◆ **Data below**:
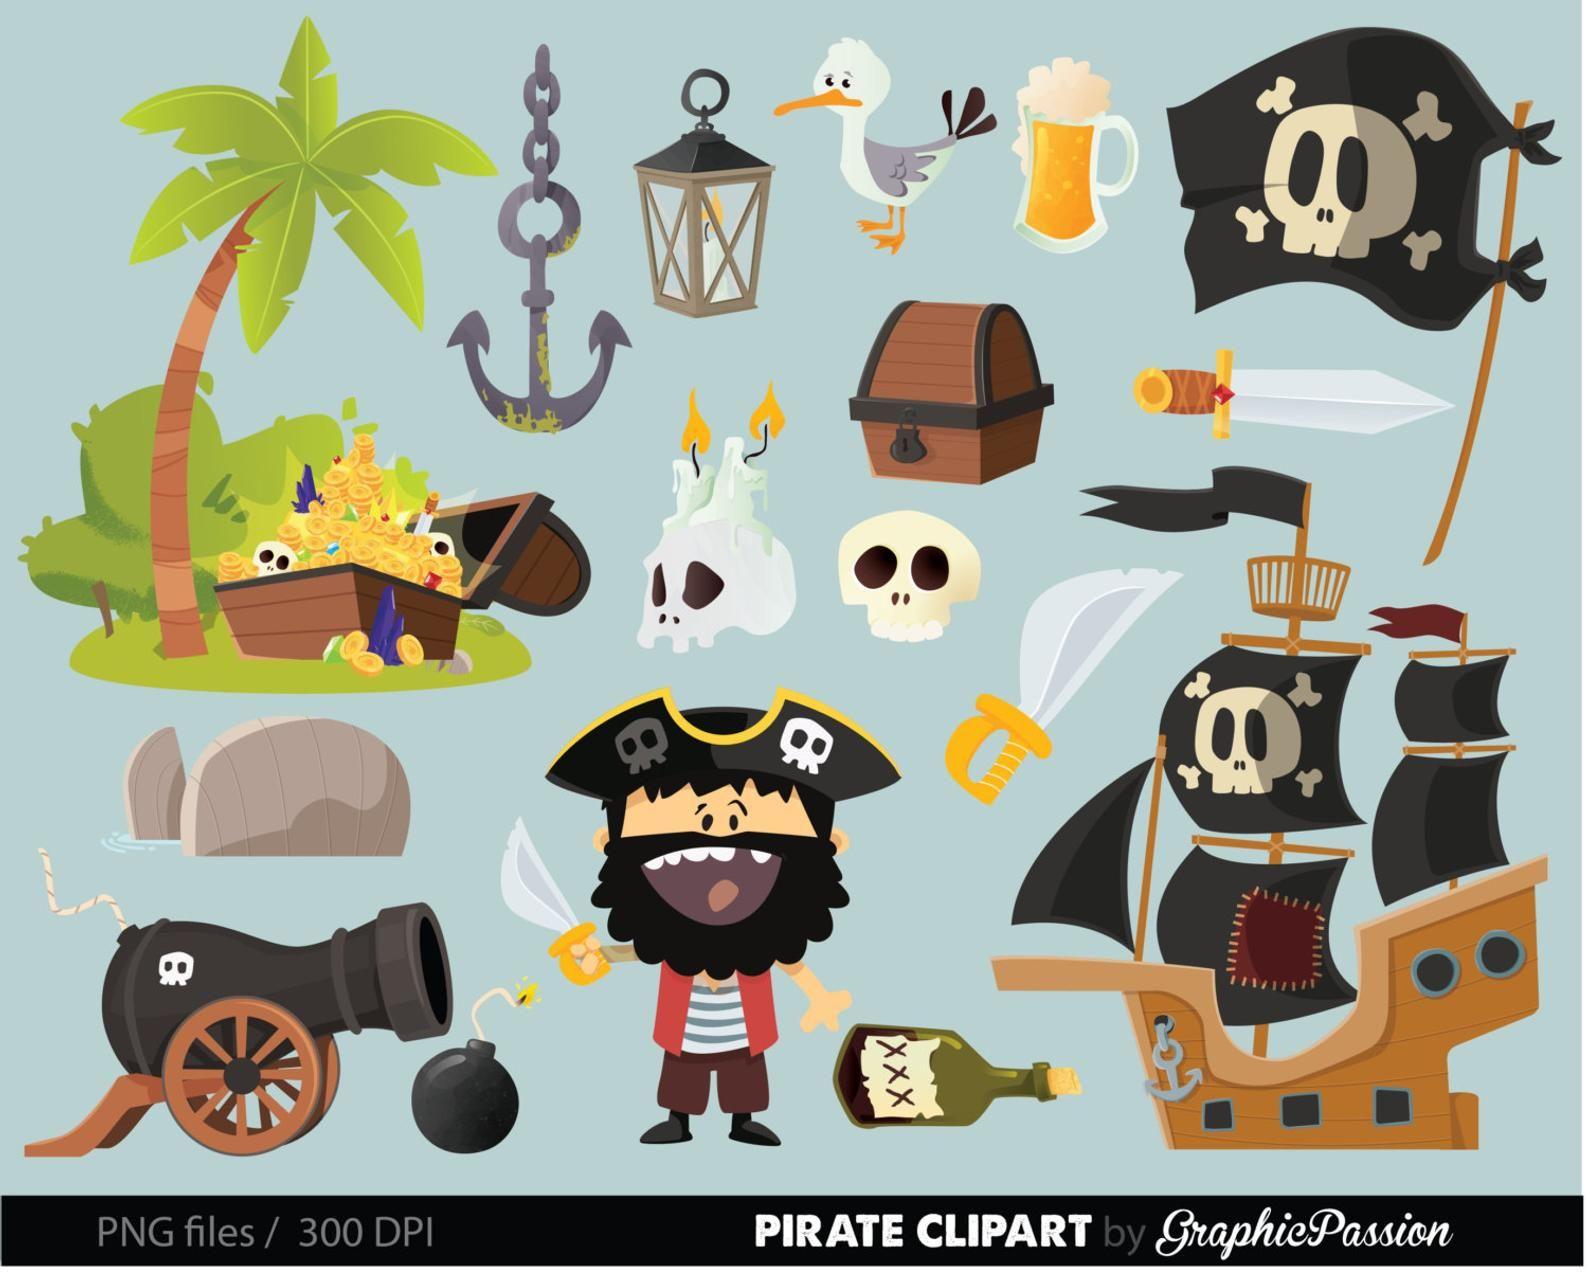 Pirate ship flag clipart clip transparent Pirate clip art Pirate ship clipart Treasure Nautical Anchor ... clip transparent
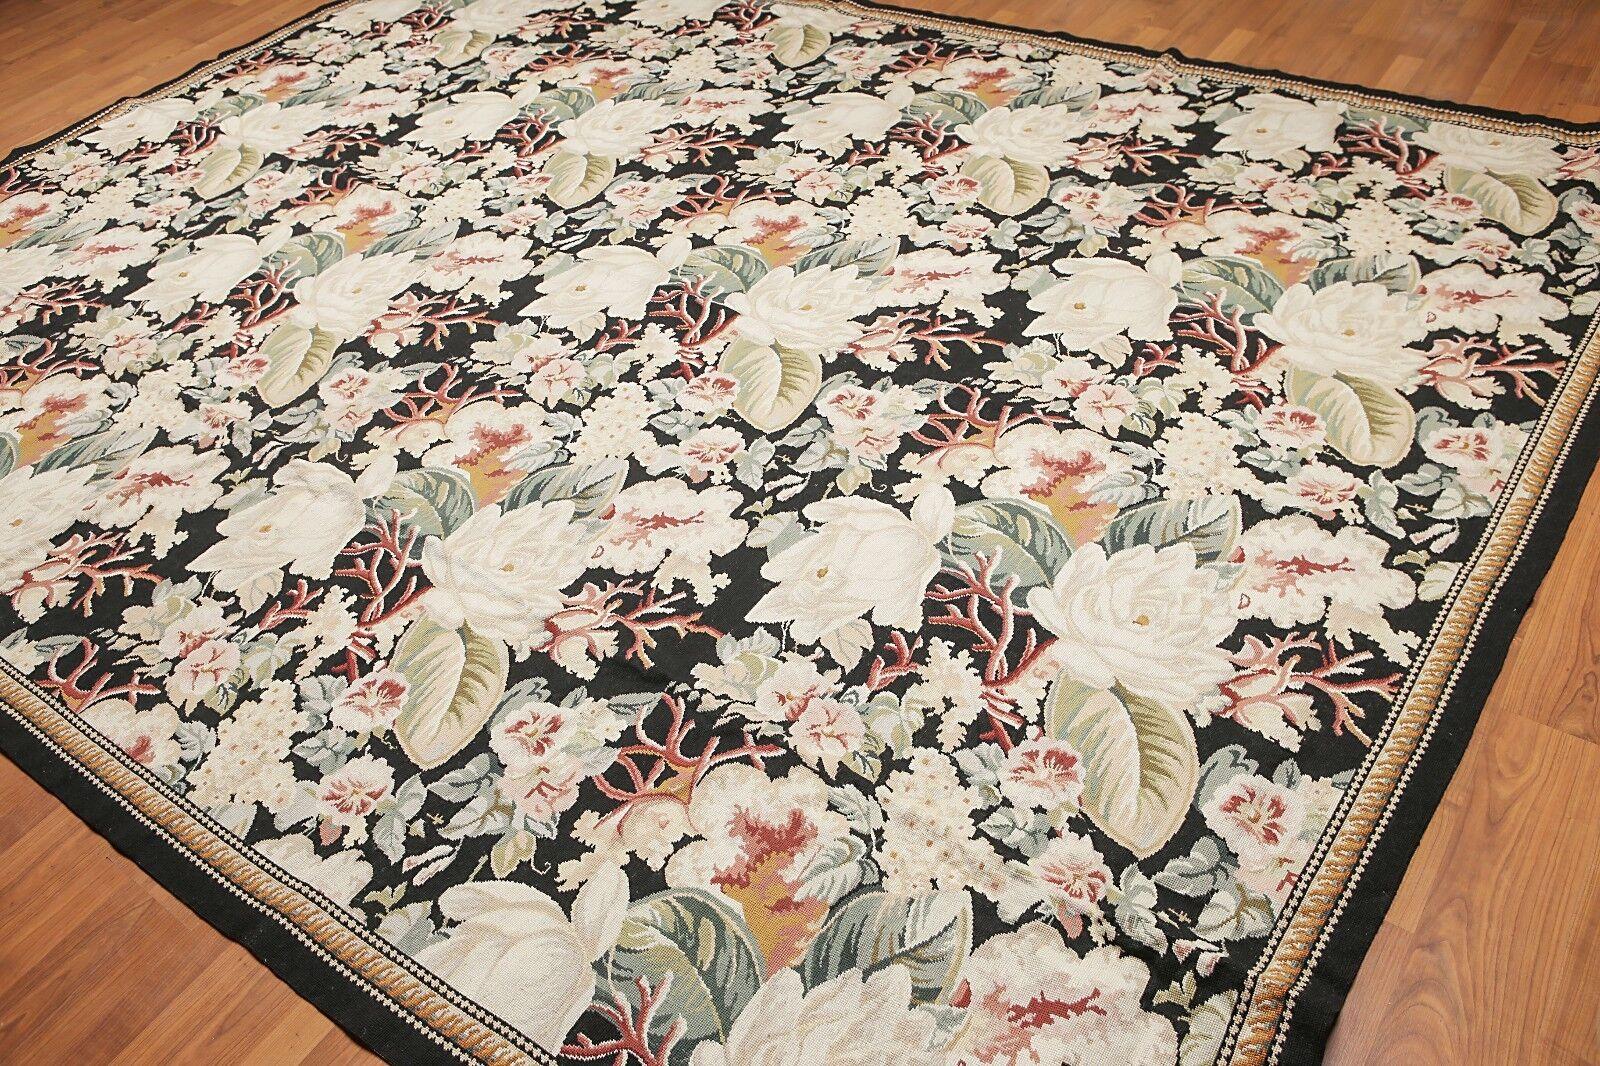 9' x 12' Asmara Hand woven Wool French Needlepoint Oriental
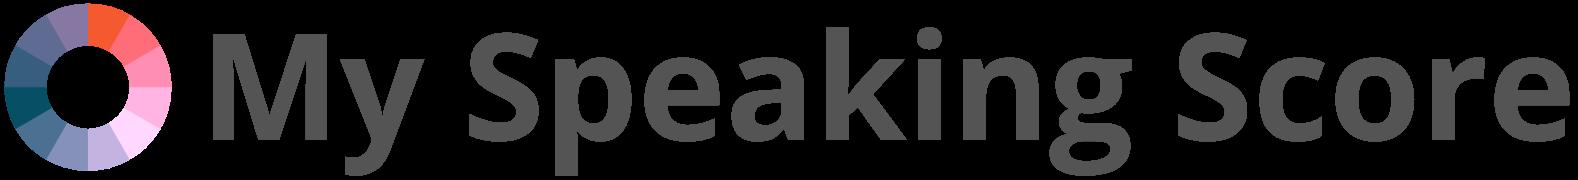 My Speaking Score Image

◆ **How to complete this task**: Repeat the listing above exactly, with no pictures.

◆ **The answer**:
 Pirate ship flag clipart clip transparent Pirate clip art Pirate ship clipart Treasure Nautical Anchor ... clip transparent
 9' x 12' Asmara Hand woven Wool French Needlepoint Oriental
 My Speaking Score Image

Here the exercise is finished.